Il fatto, inoltre, che questi disturbi siano prevalentemente presenti nel sesso femminile, li correla a cambiamenti socioculturali che il modello familiare ed, in particolare, il modello femminile hanno subito negli ultimi 30-40 anni, caratterizzati da una crescente pressione sociale sulla donna, che ha stimolato, da parte della donna, la necessità di rispondere a sempre crescenti ideali dell’Io (La Palazzoli parlerà di "narcisismo femminile" legato all’AN).

Caratteristica premorbosa comune a tutte le donne che sviluppano un DCA è la bassa autostima che sembra essere correlata, più che negli uomini, all’incapacità di instaurare soddisfacenti relazioni interpersonali che, come prima rilevato, dipendono nella società occidentale in modo precipuo dall’avvenenza.

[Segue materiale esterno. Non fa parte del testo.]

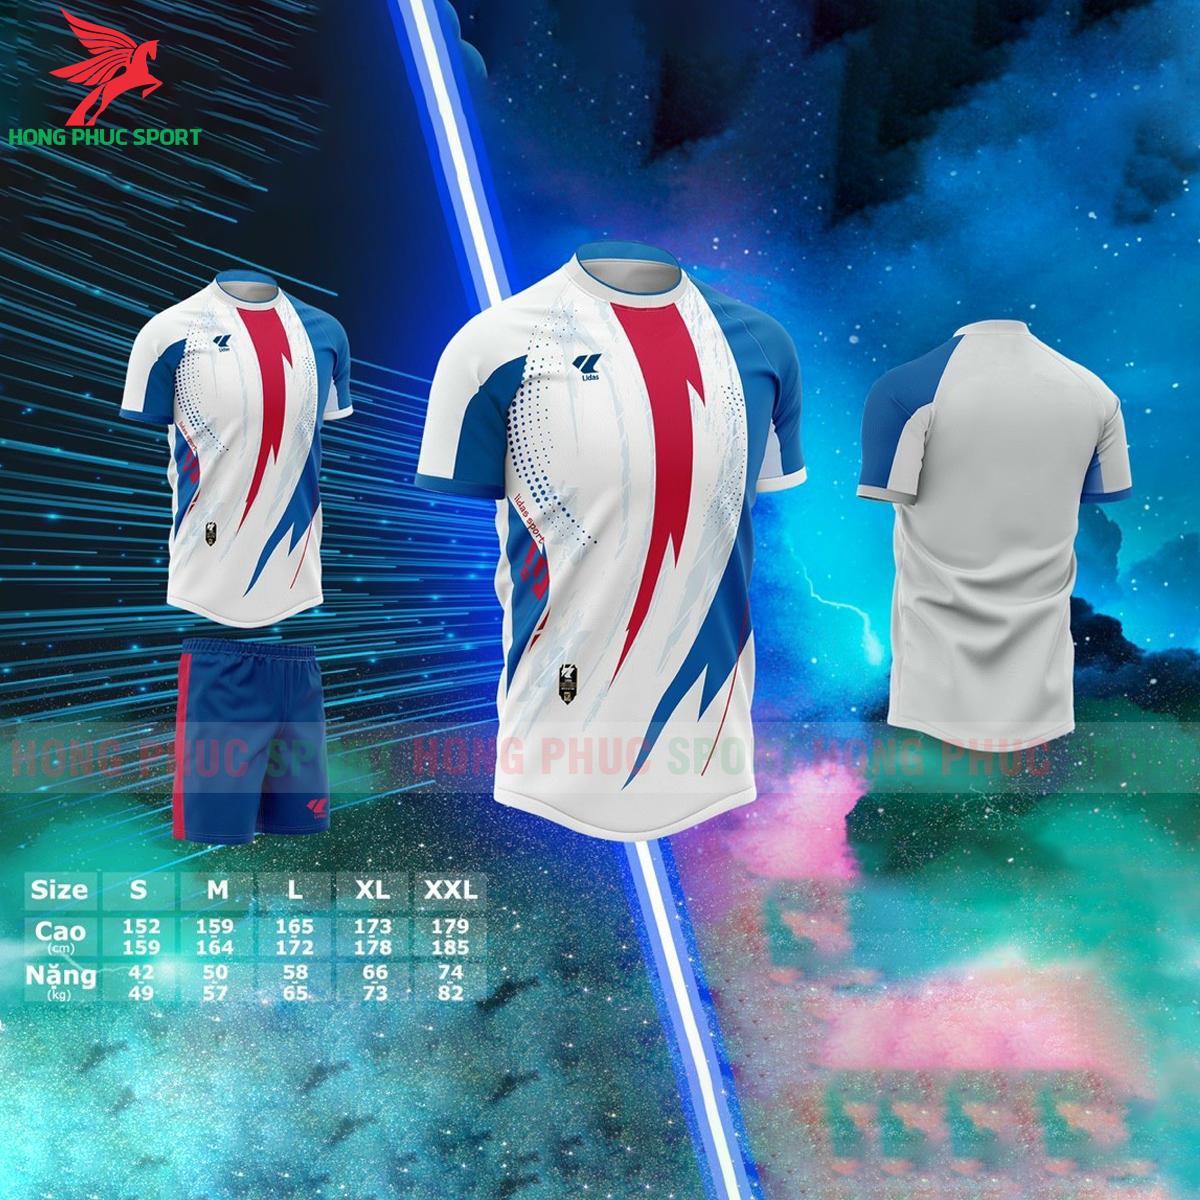 Áo bóng đá không logo Lidas Passionmàu xanh phối đỏ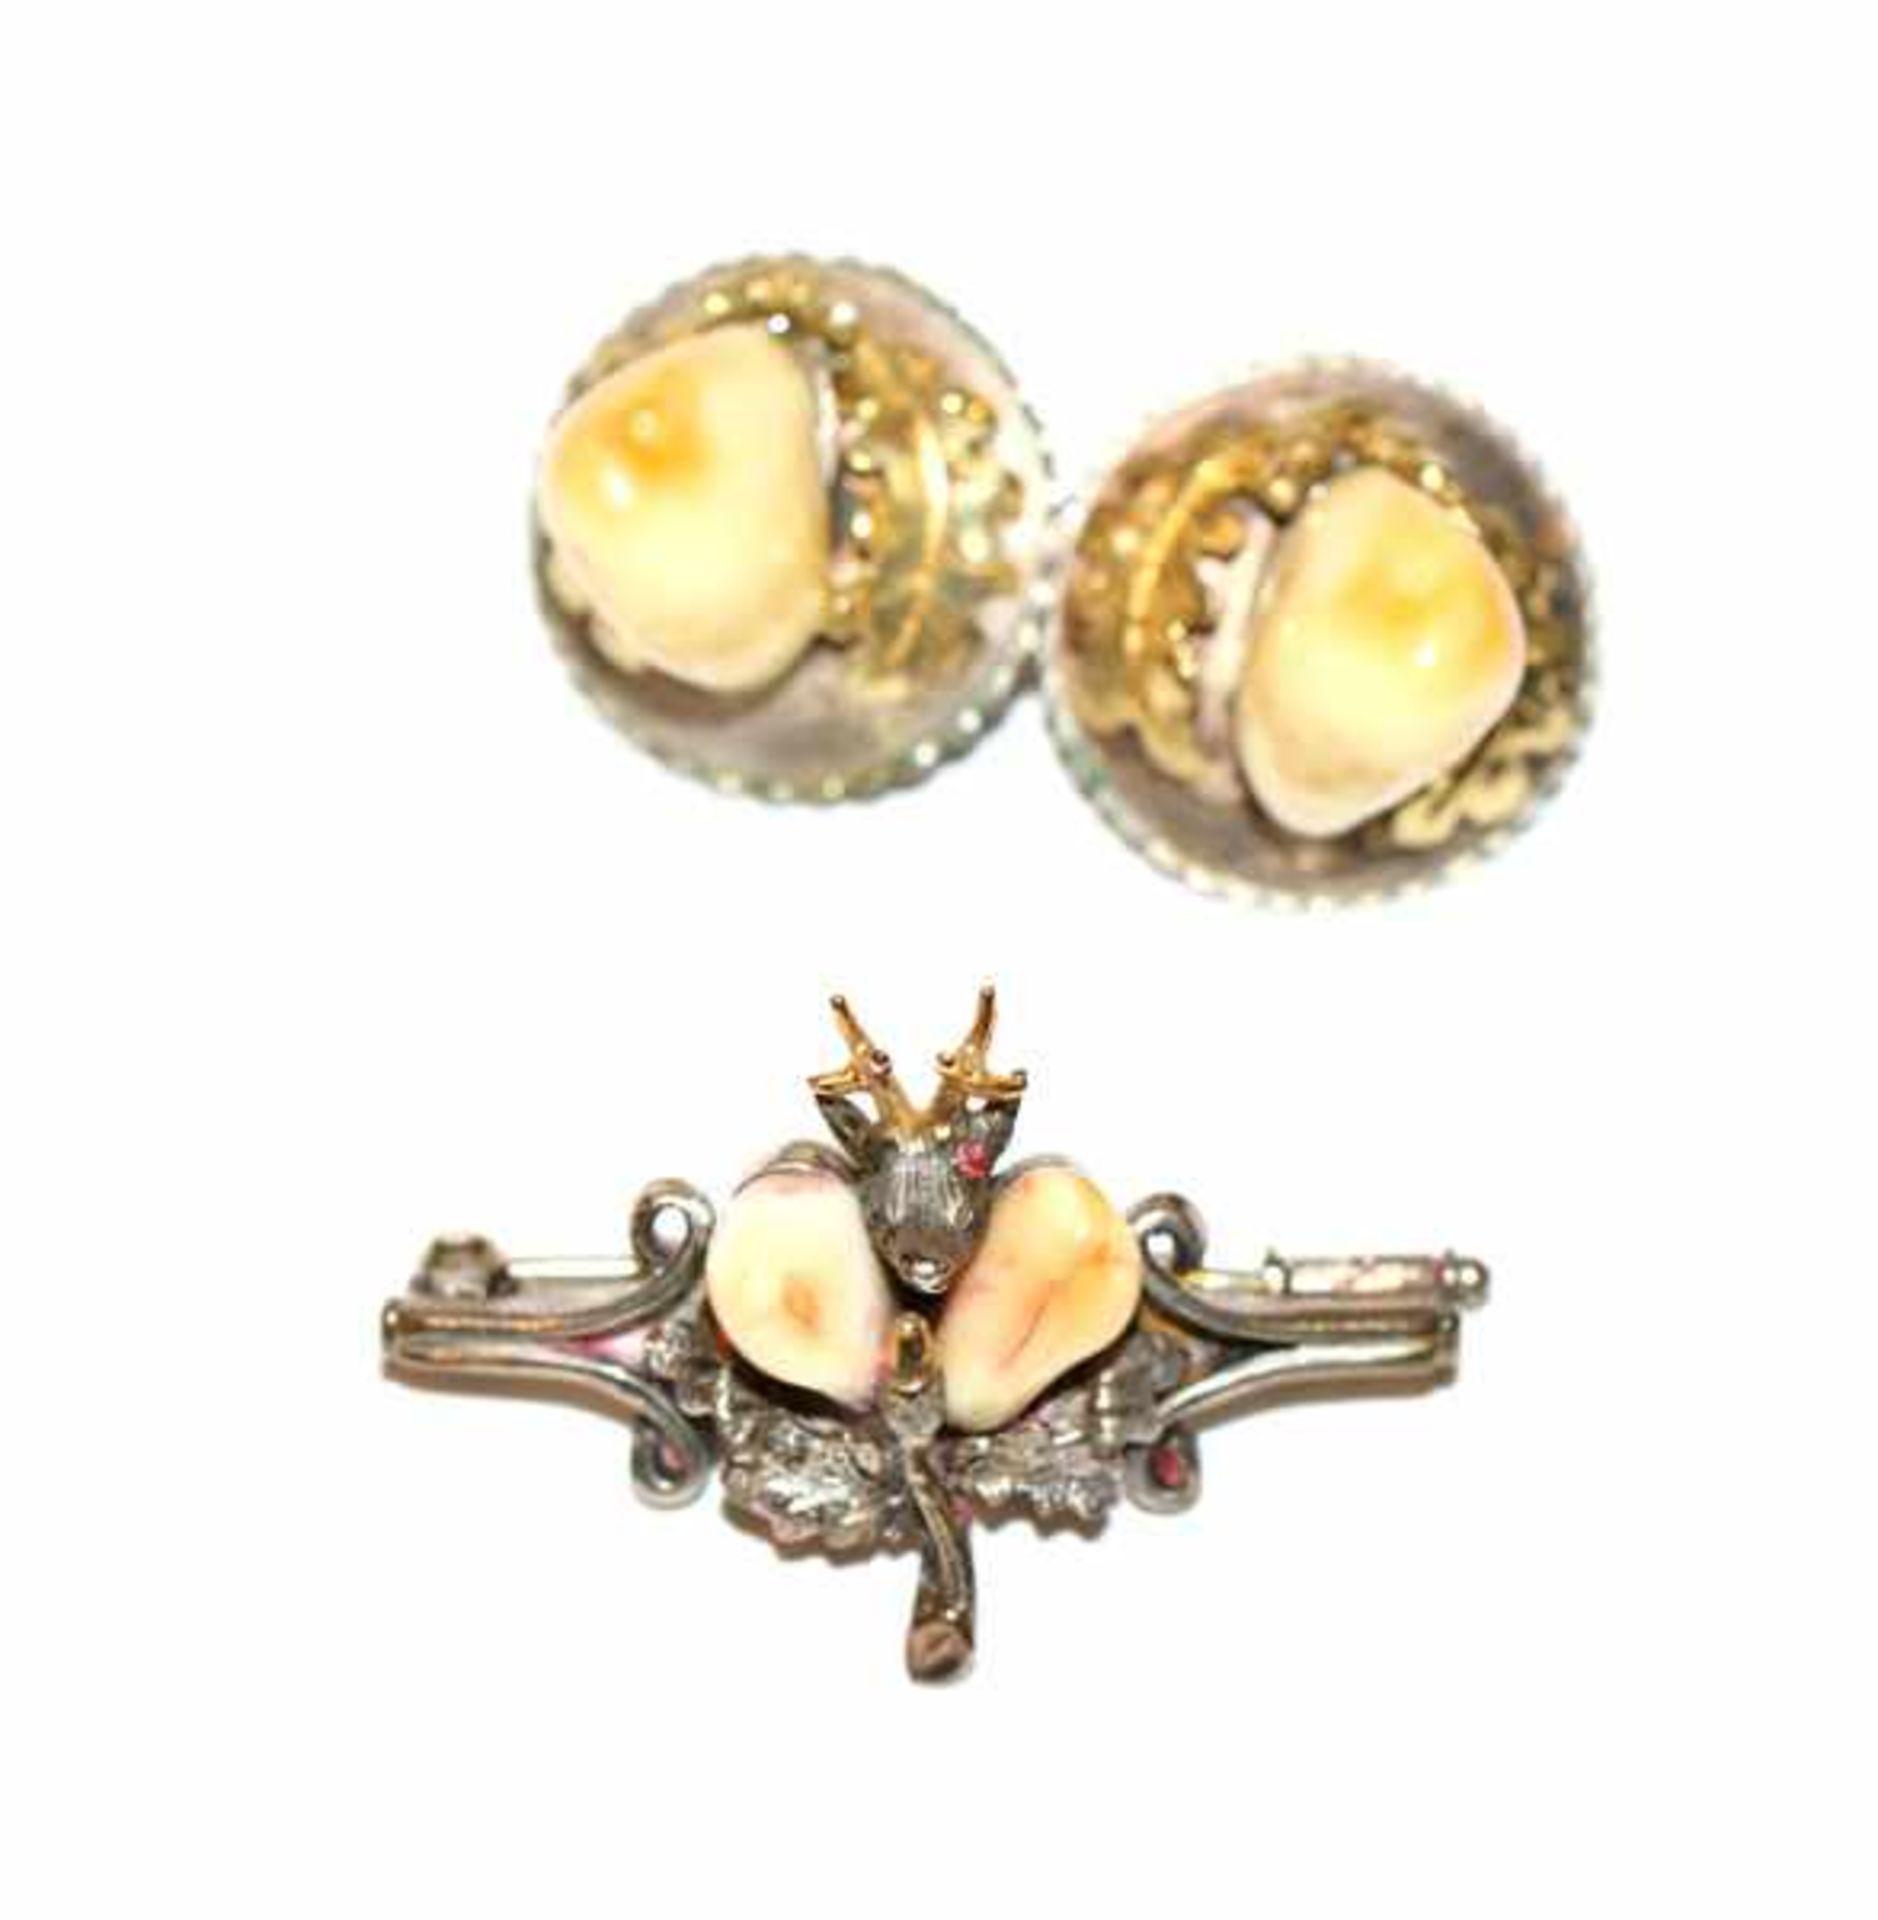 Paar Silber/teils vergoldete Ohrclips mit Grandeln und Silber Brosche mit plastischem Rehkopf und

Verrà qui trattata, specificamente, l’Anoressia Nervosa, che pare, per le caratteristiche cliniche ed il decorso, nonché per gli aspetti riguardanti la terapia, particolarmente interessante, in quanto coinvolge diverse figure professionali, sia mediche che paramediche, specie in ambito di ricovero.

 

ANORESSIA NERVOSA

Sul piano eziologico, anche in base a quanto detto fino ad ora, è possibile individuare un’eziologia multifattoriale per l’AN, con fattori individuali, familiari, ed ambientali.

Tra gli aspetti biologici, sono stati identificati un aumentato turnover della noradrenalina, una riduzione degli spazi subaracnoidei, per esempio, ma è ancora incerto se tali alterazioni siano precedenti o conseguenti la malattia. Un’altra ipotesi riguarda alterazioni ipofisarie che comportino un abnorme turnover ormonale, ma, sostanzialmente, ad oggi, non vi è evidenza di una predisposizione biologica per l’AN.

Tra i fattori familiari ed ambientali, come già ricordato, sono da inserire i modelli estetici attuali che promuovono la magrezza anche come raggiungimento di un ruolo sociale.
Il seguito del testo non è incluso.